The largest file size, "01.csv," was the Table of Olympic medal counts by country.
explanation
- The
page.goto()
response will be the html of the page. - We use jsdom to create the DOM from html.
- The DOM of all Table tags is retrieved with
Document.querySelectorAll()
. - I use xlsx to create an Excel worksheet from the DOM in the Table tag.
- CSV is output from an Excel worksheet using xlsx.
application
It is also possible to extract only the Table tags you wish to extract, rather than the entire page.
In the crawl site, use XMLSerializer.serializeToString()
to make html under the Table tag,
Then, bring it to the Node.js side and rebuild the DOM on the Node.js side.
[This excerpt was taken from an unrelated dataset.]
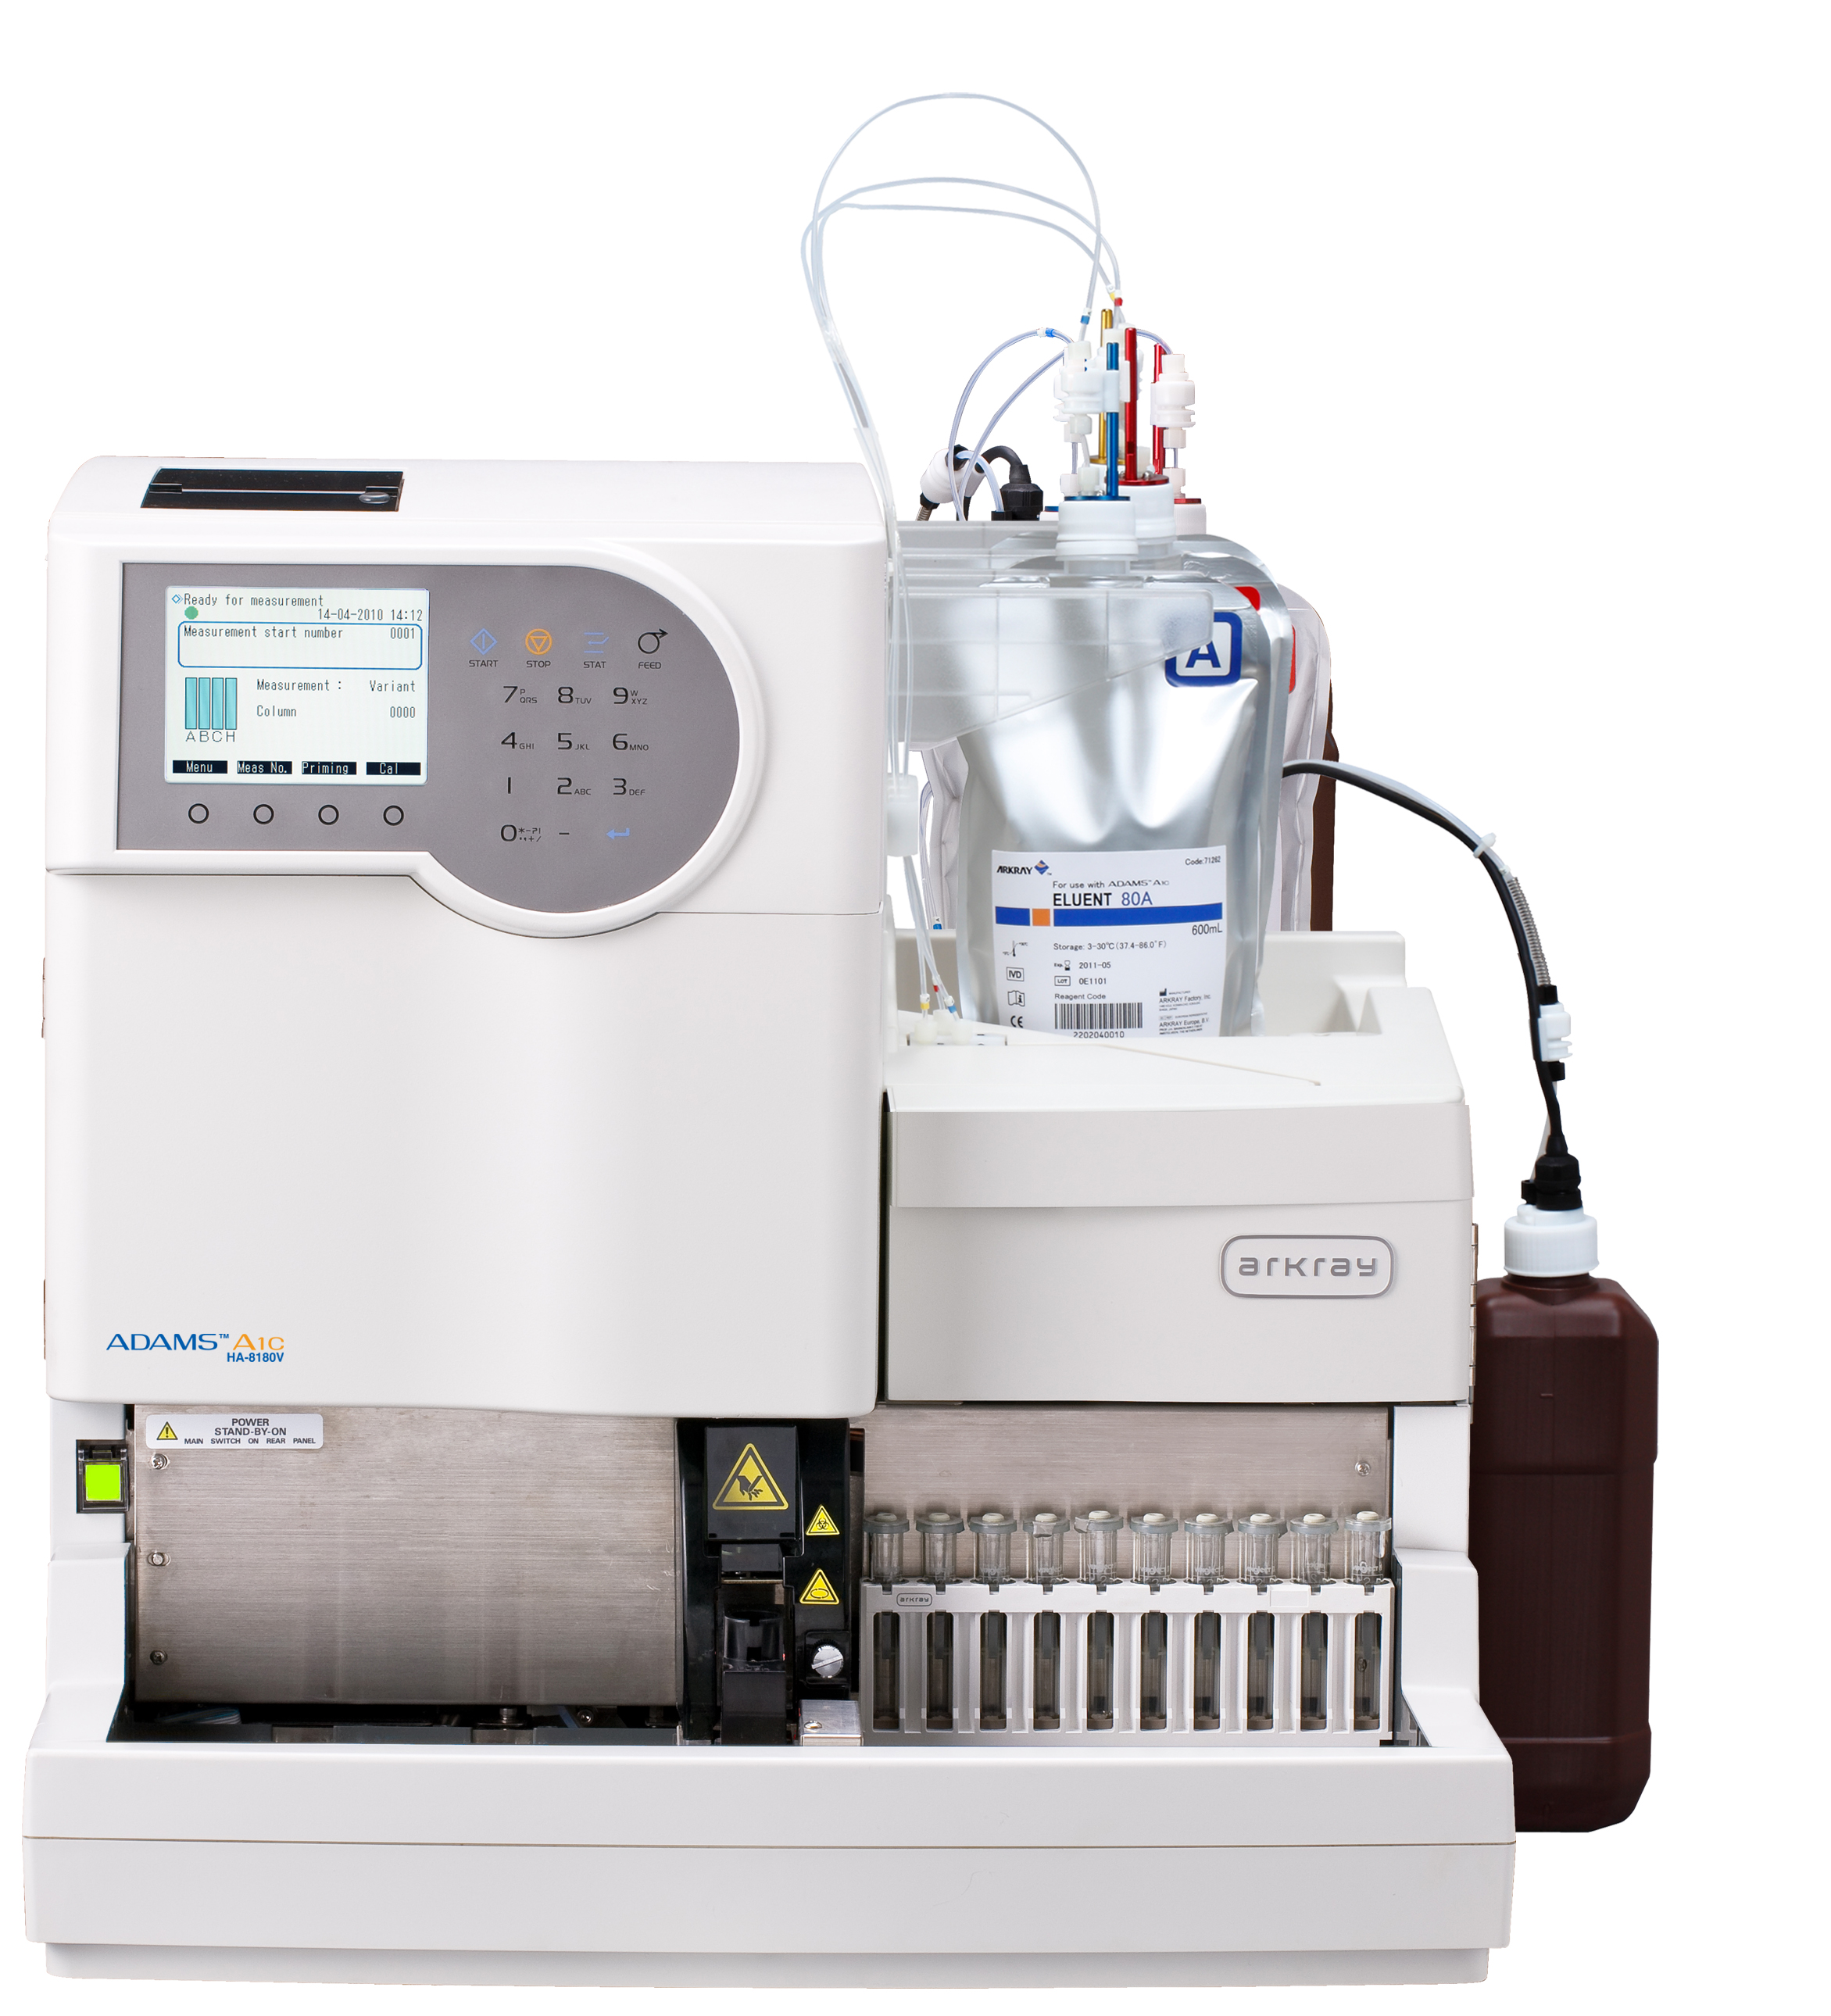 Adams A1c HA-8180 Автоматический анализатор для измерения гликированного гемоглобина

import * as puppeteer from 'puppeteer'; import { JSDOM } from 'jsdom'; import * as XLSX from 'xlsx'; import * as fs from 'fs'; (async () => { const browser = await puppeteer.launch({ headless: false, slowMo: 250, }); const page = await browser.newPage(); const url = `https://en.wikipedia.org/wiki/All-time_Olympic_Games_medal_table`; await page.goto(url); const html = await page.$eval('div.legend + table', (dom: any) => { return new XMLSerializer().serializeToString(dom); }); const dom = new JSDOM(html); const table = dom.window.document.querySelector('table'); const ws = XLSX.utils.table_to_sheet(table); fs.writeFileSync( `./tmp/medal_table.csv`, XLSX.utils.sheet_to_csv(ws) ); await browser.close(); })();
impressions
This relieves the stress of parsing the DOM!
Since the DOM is on the Node.js side, it is likely that many other things can be done with the library.